• [What you have to do]: Using the data below, restate exactly every line from the one with "Frightened man hiding" up to and including the one with "Data on migrant deaths 2014-2023". No picture belongs in it.

• [Record extracts]:
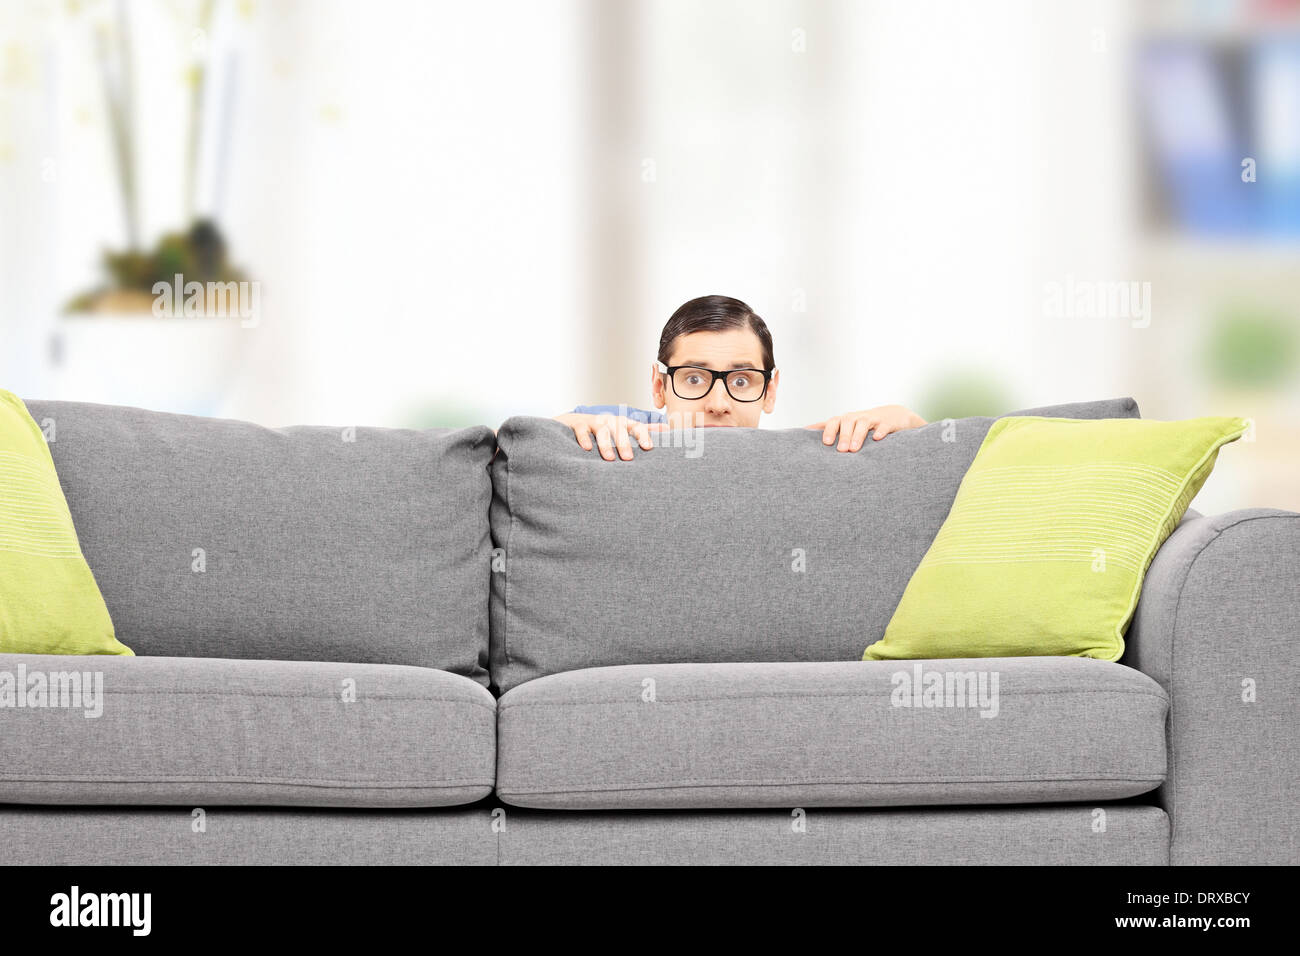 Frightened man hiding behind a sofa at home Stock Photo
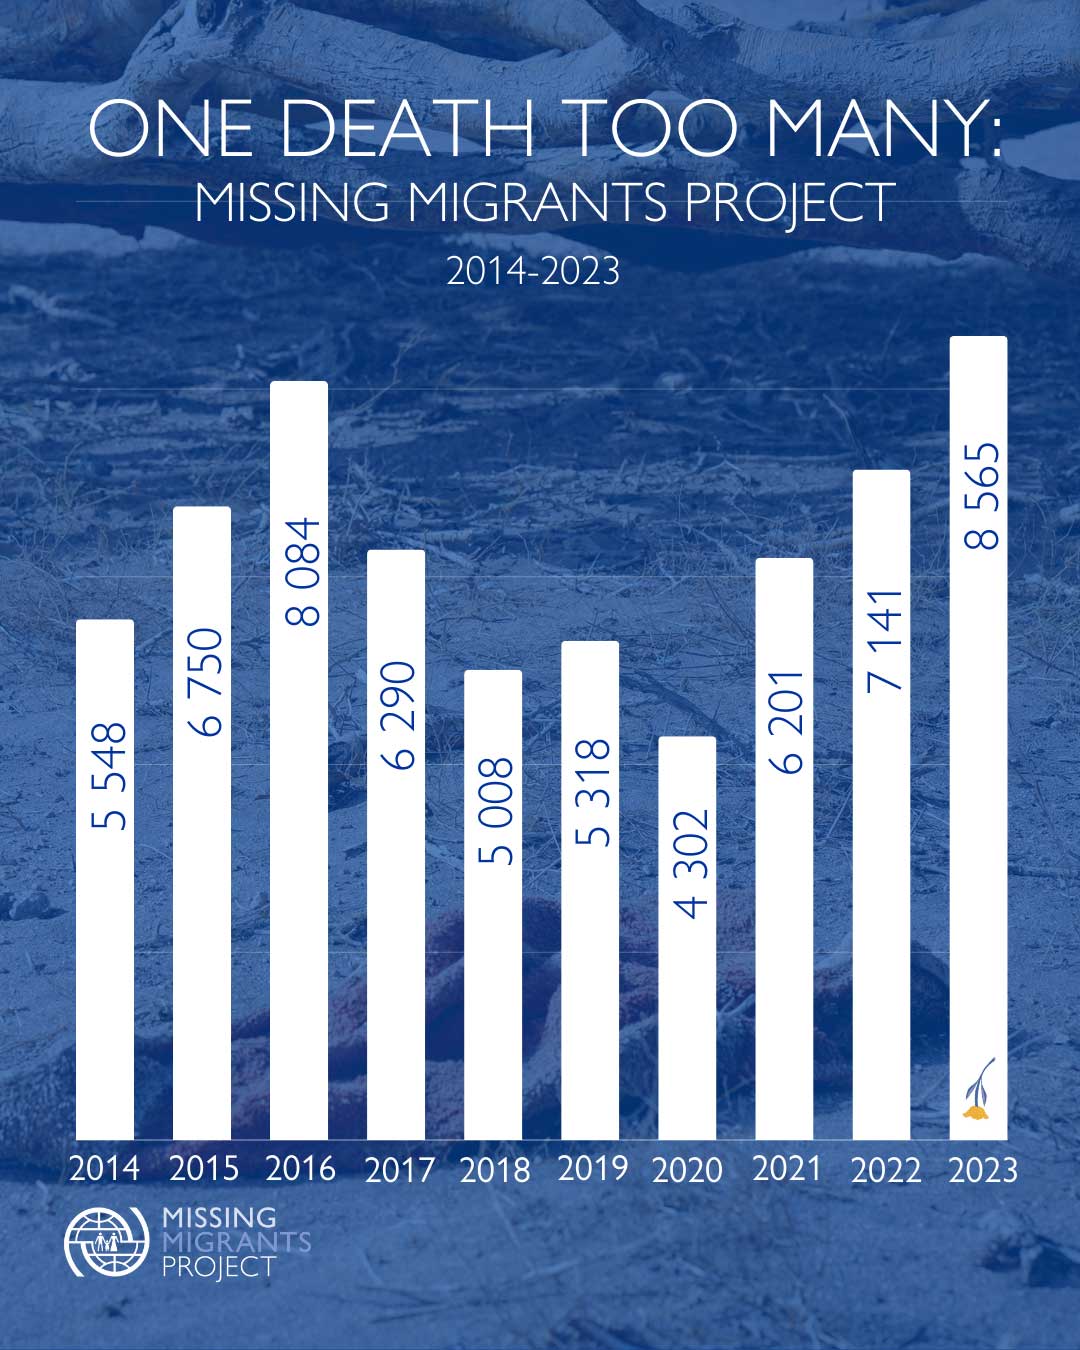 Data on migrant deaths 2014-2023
==
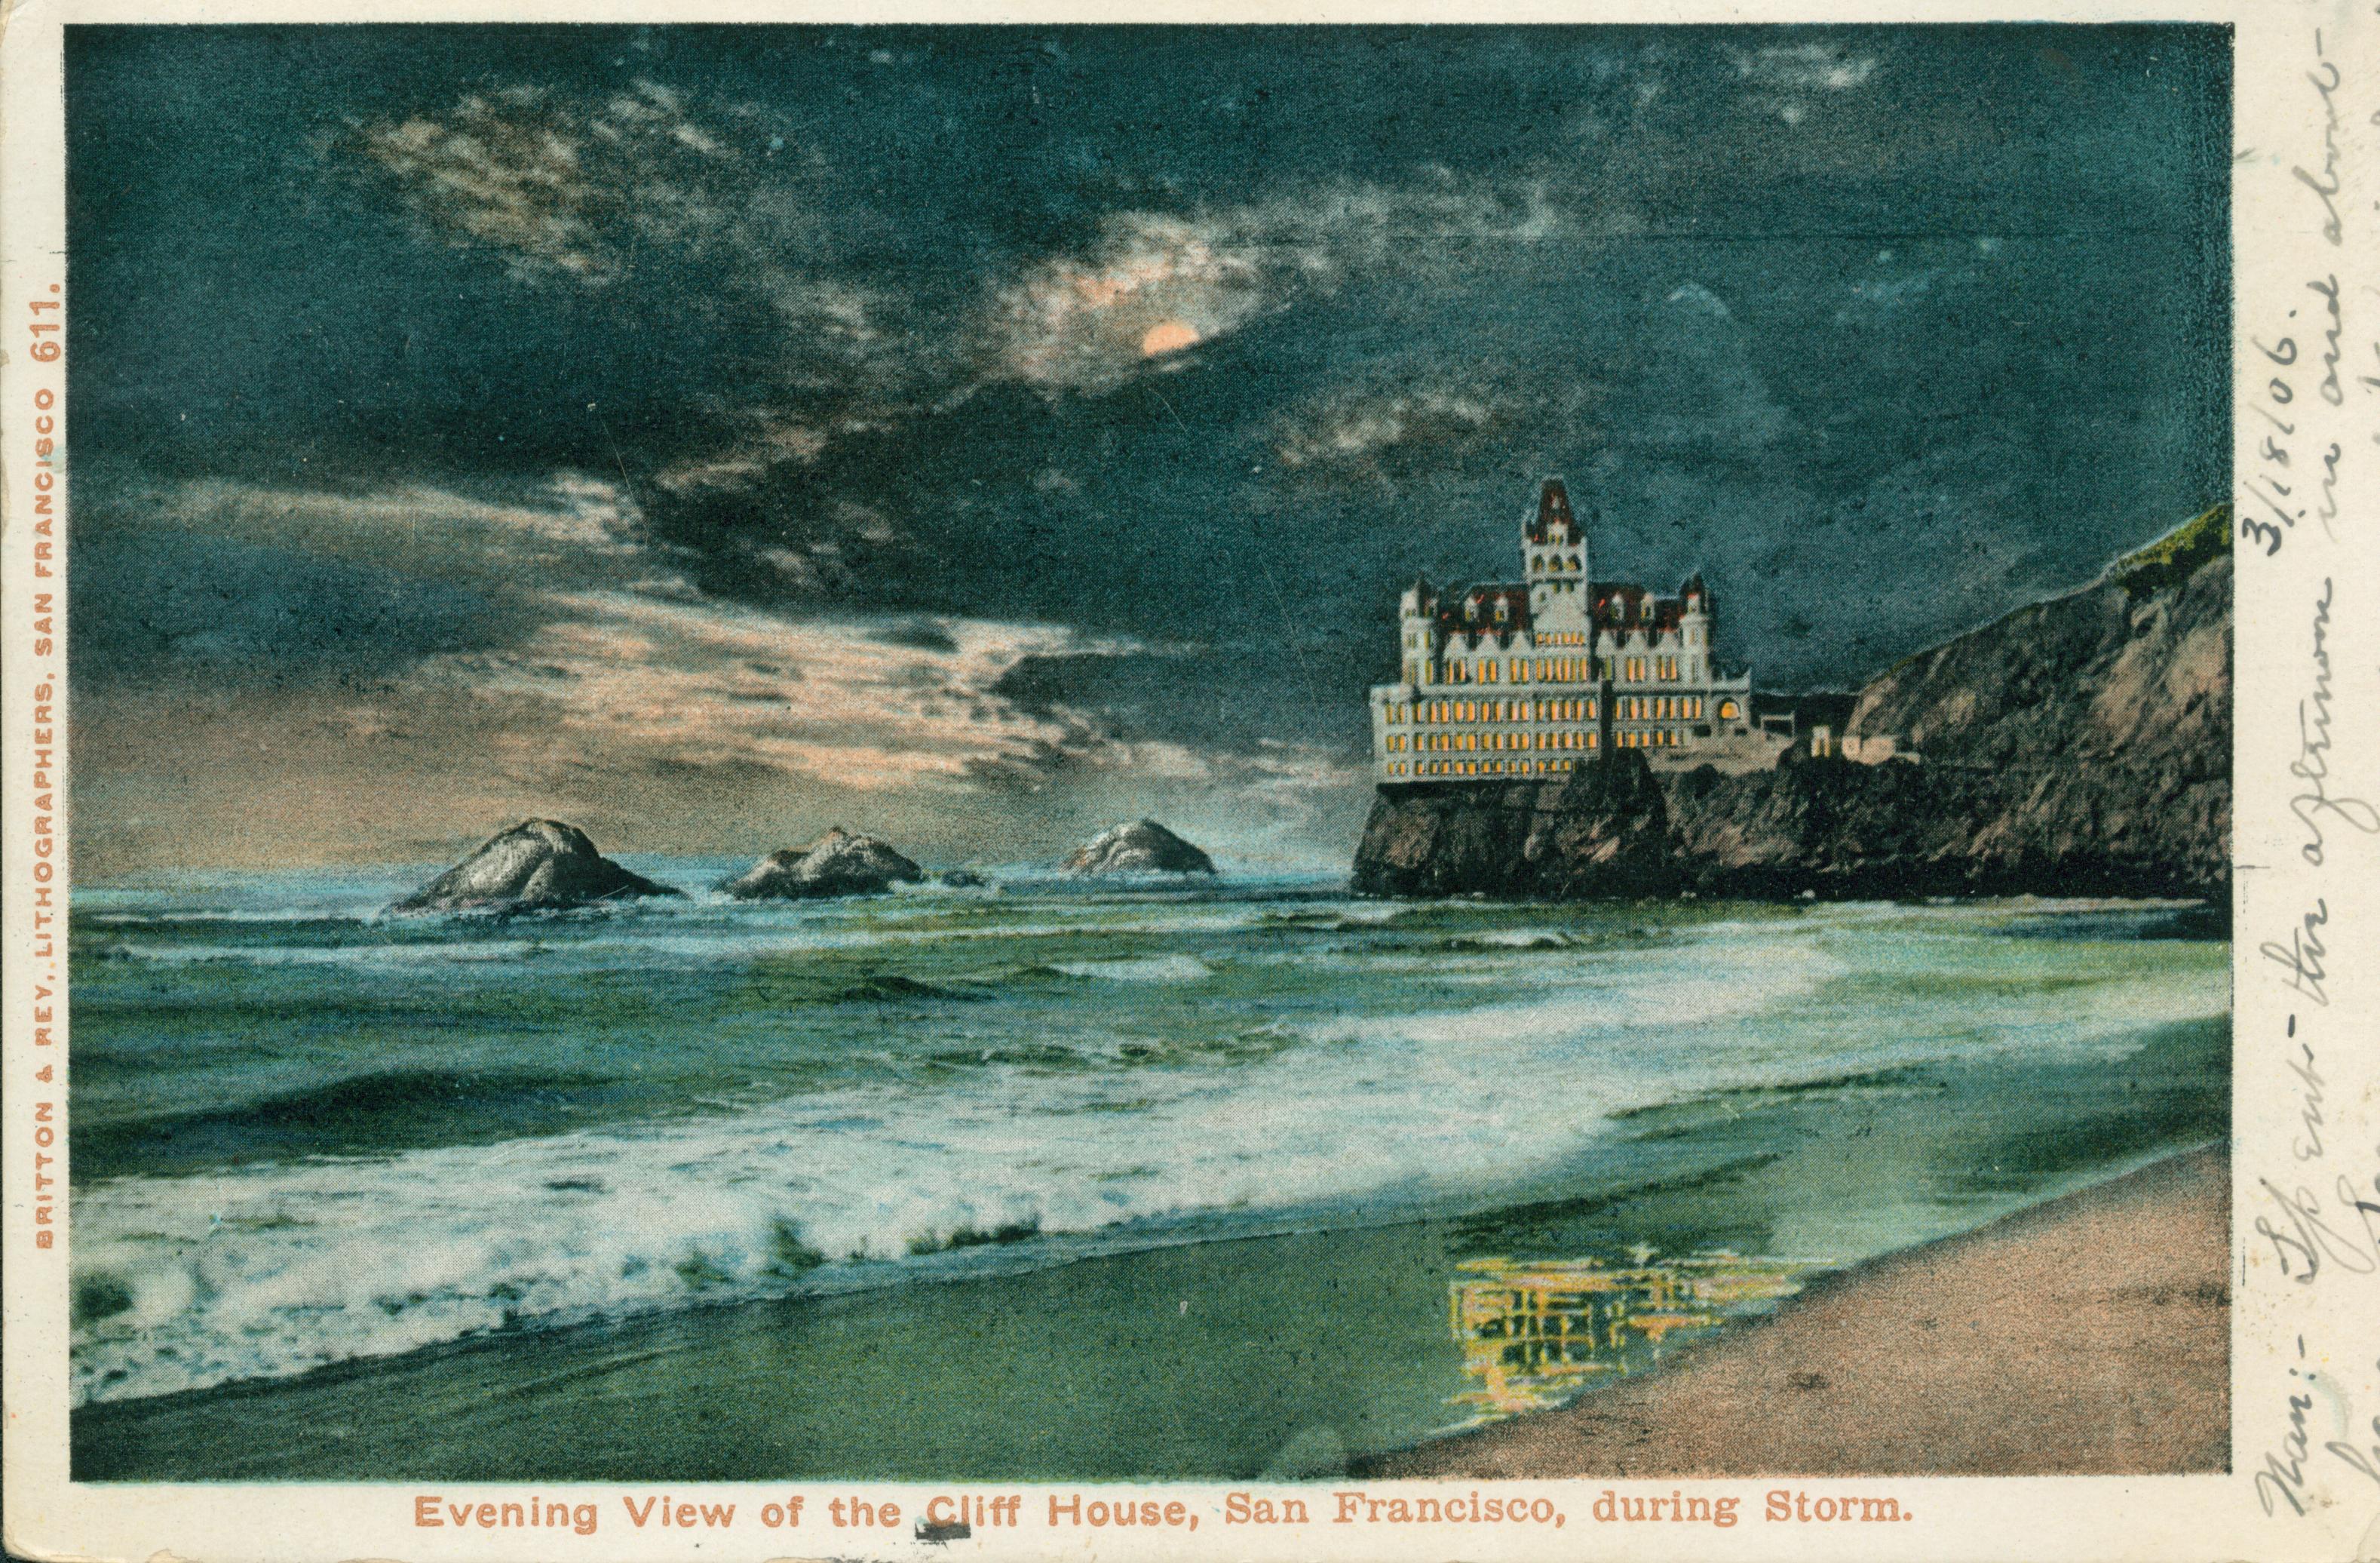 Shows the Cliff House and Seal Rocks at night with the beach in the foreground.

• [Answer for the task]:
 Frightened man hiding behind a sofa at home Stock Photo
 Data on migrant deaths 2014-2023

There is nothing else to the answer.